What does the well-dressed demonstrator wear these days? Well, if they're Japanese and they're out on the streets of Tokyo's Shibuya district - think Times Square-meets-Carnaby Street - it's Supreme Snapback baseball caps and skinny jeans.
That's the preferred uniform of 23-year-old Aki Okuda, founder of Students Emergency Action for Liberal Democracy (SEALDS). The group has been leading a series of street demonstrations and it was them who brought Shibuya to a standstill recently.
But as well as protesting, an important part of the strategy is to lay on hip DJs, rappers and musicians. With many demonstrators emulating Okuda and turning up in designer gear, and some even carrying crates of vinyl, the movement has been dubbed “apparel activism”.
The tag implies that this is a new thing. It isn't. Dip back through the generations and you'll find there's always been a sartorial dimension to activism.

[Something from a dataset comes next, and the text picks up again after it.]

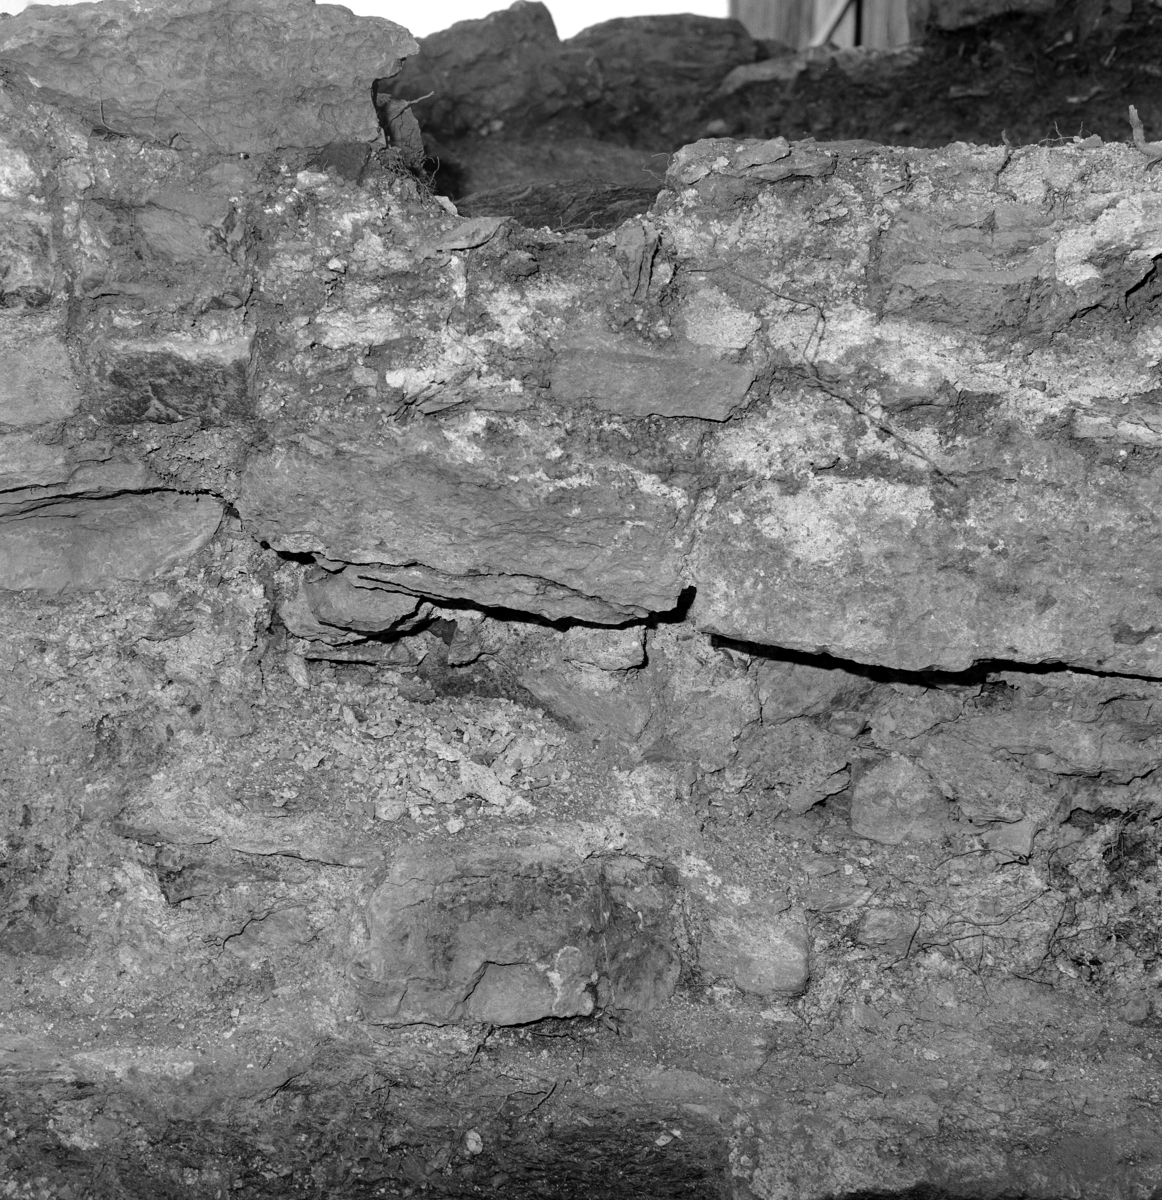 Arkeologiske undersøkelser i kjellerruin vest for drengestua 1986-1989. Nordvegg i den nyere delen av kjelleranlegget under utgravning 1989.
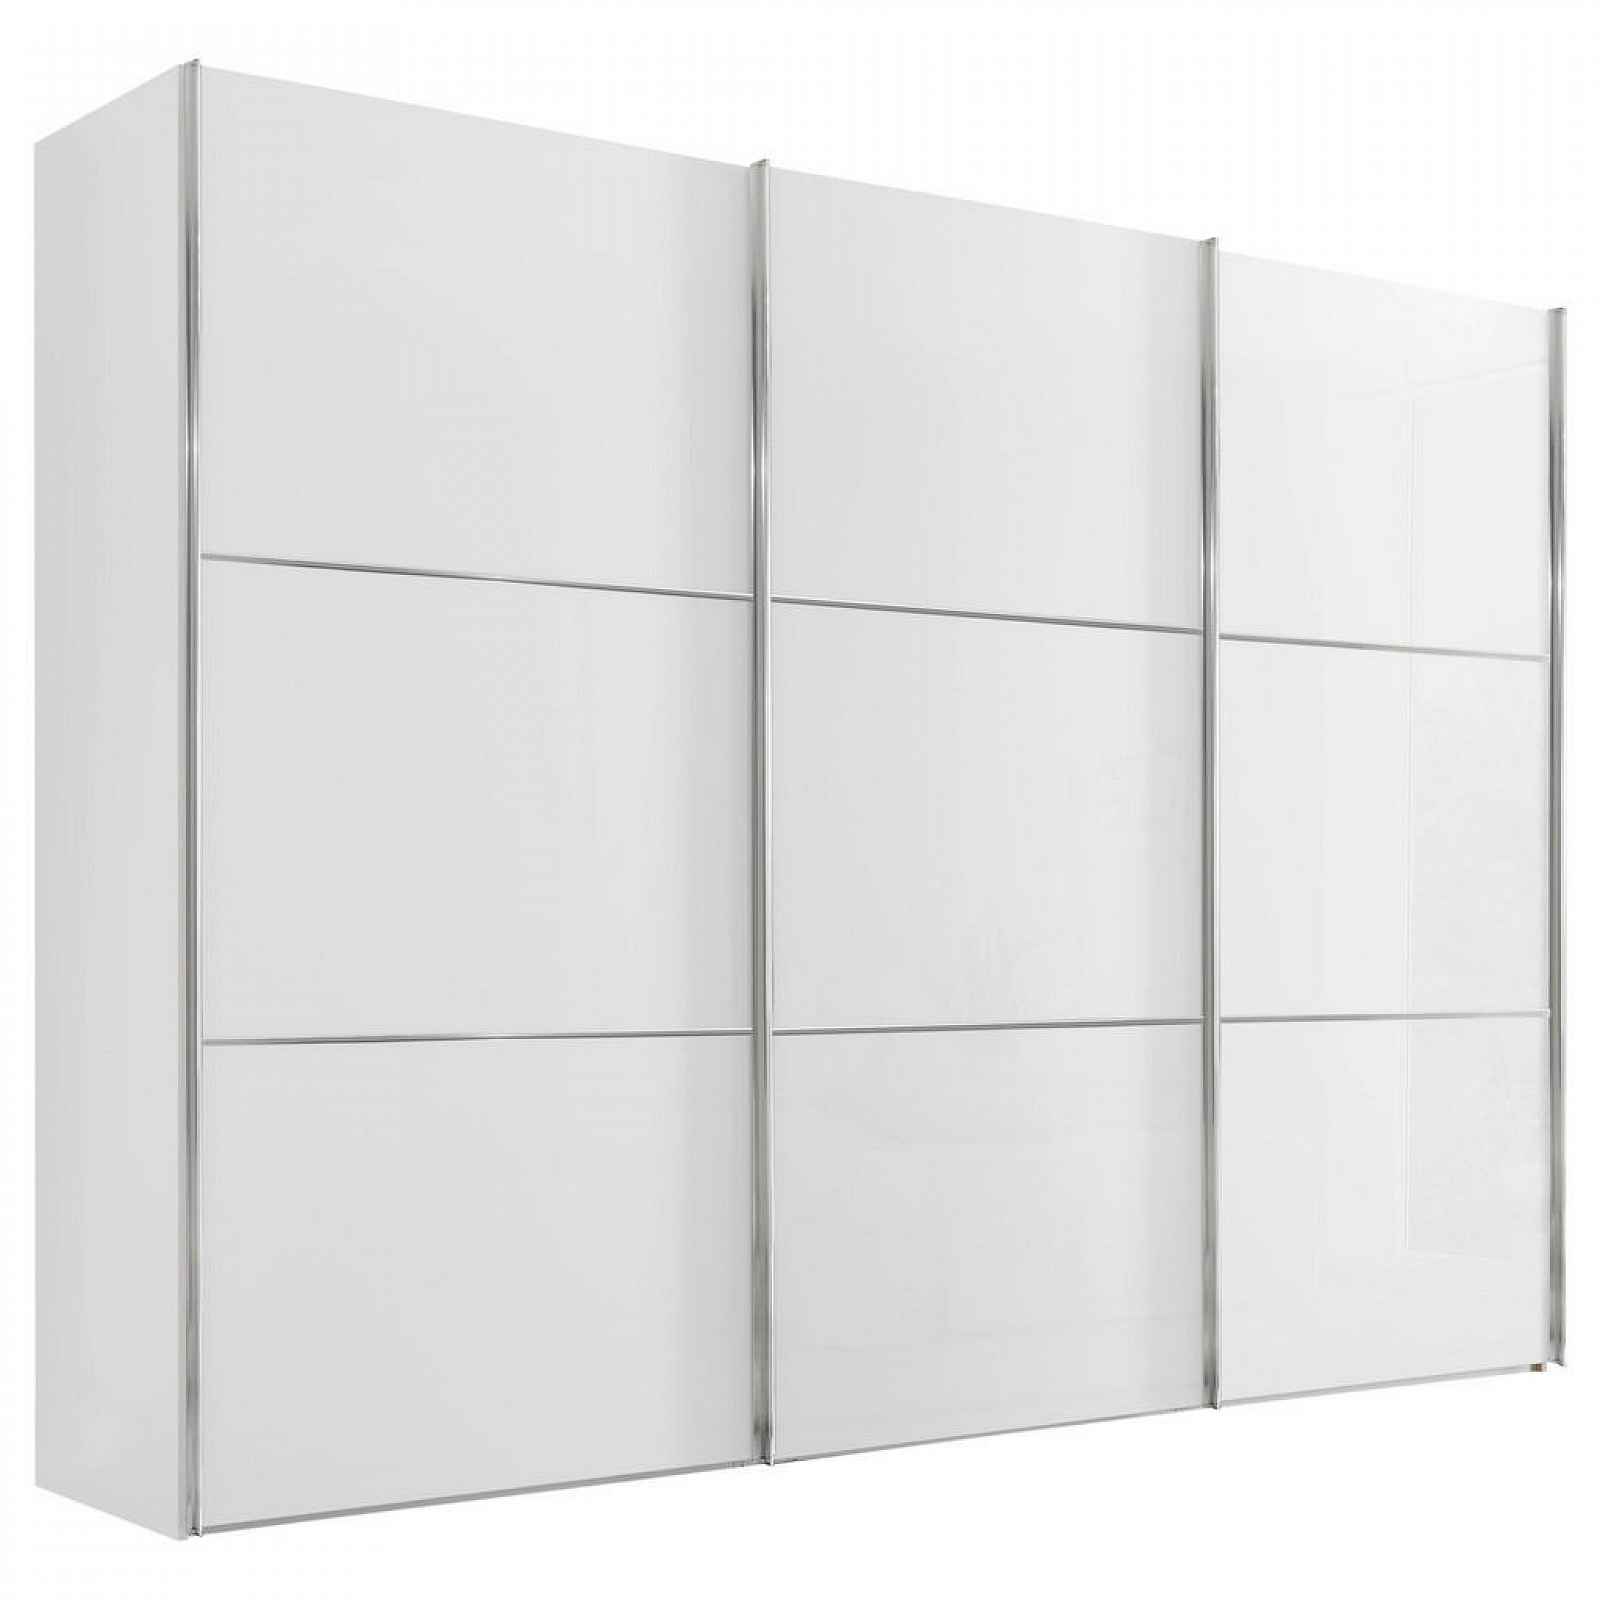 Moderano SCHWEBETÜRENSCHRANK Glasfront, bílá, 249/222/68 cm - Šatní skříně - 000531006076

Swap Supreme Snapback baseball caps and Japanese hip-hop for duffle coats and guitar-playing beatniks, swap Tokyo's Shibuya district for the Great West Road running through Maidenhead, and you could be talking about the Aldermaston CND marches of the early 1960s. In fact, looking at the pictures I'm amazed the Aldermaston marches haven't been pinned to a mood board and wheeled out as an inspiration by some designer. For an Autumn-Nuclear Winter collection, naturally. I dare say someone probably took a crate of vinyl along with them then too, though in those days it would have been 78s rather than 12 inch white labels.
Fast forward a decade and you find the hippies marching in cheesecloth and high-waisted flares, which is a feat in its own right, and if you think the politically-inspired musicians of the 1980s Red Wedge movement gave no thought to fashion, you've obviously never seen the photo of them meeting then-Labour leader Neil Kinnock at the House of Commons in November 1985. Paul Weller, in particular, looks quite the peacock.
Even Swampy wasn't an entirely fashion-free zone. For younger readers who don't recall the man born Daniel Hooper, he was an environmental campaigner who underwent 15 minutes of fame in the mid-1990s when he hid in a tunnel to stop a road being built somewhere.
One of his hands was generally shackled to a tree, but with two fingers on the other Swampy signalled his undisguised contempt for all things “establishment”. Not so fashion, however, because Swampy had a pretty acute sense of style. Signature looks included grubby army surplus (these days we'd call it “distressed”), strange hooded tops that seemed to have been knitted from the stuff that bungs up bathroom sinks, and a garment that looks from the pictures like a wet suit. He had a genius for accessorising too: he was wearing head torches way before Orbital.
Swampy never met Neil Kinnock but he did meet David Cameron's mum (she was the magistrate who sentenced him when the boys in blue finally laid hands on him). He also appeared on Have I Got News For You in a waistcoat made from an old sack. For one week only, Paul Merton wasn't the best dressed man in the studio.
Apparel activism? It's as old as the (rolling) stones.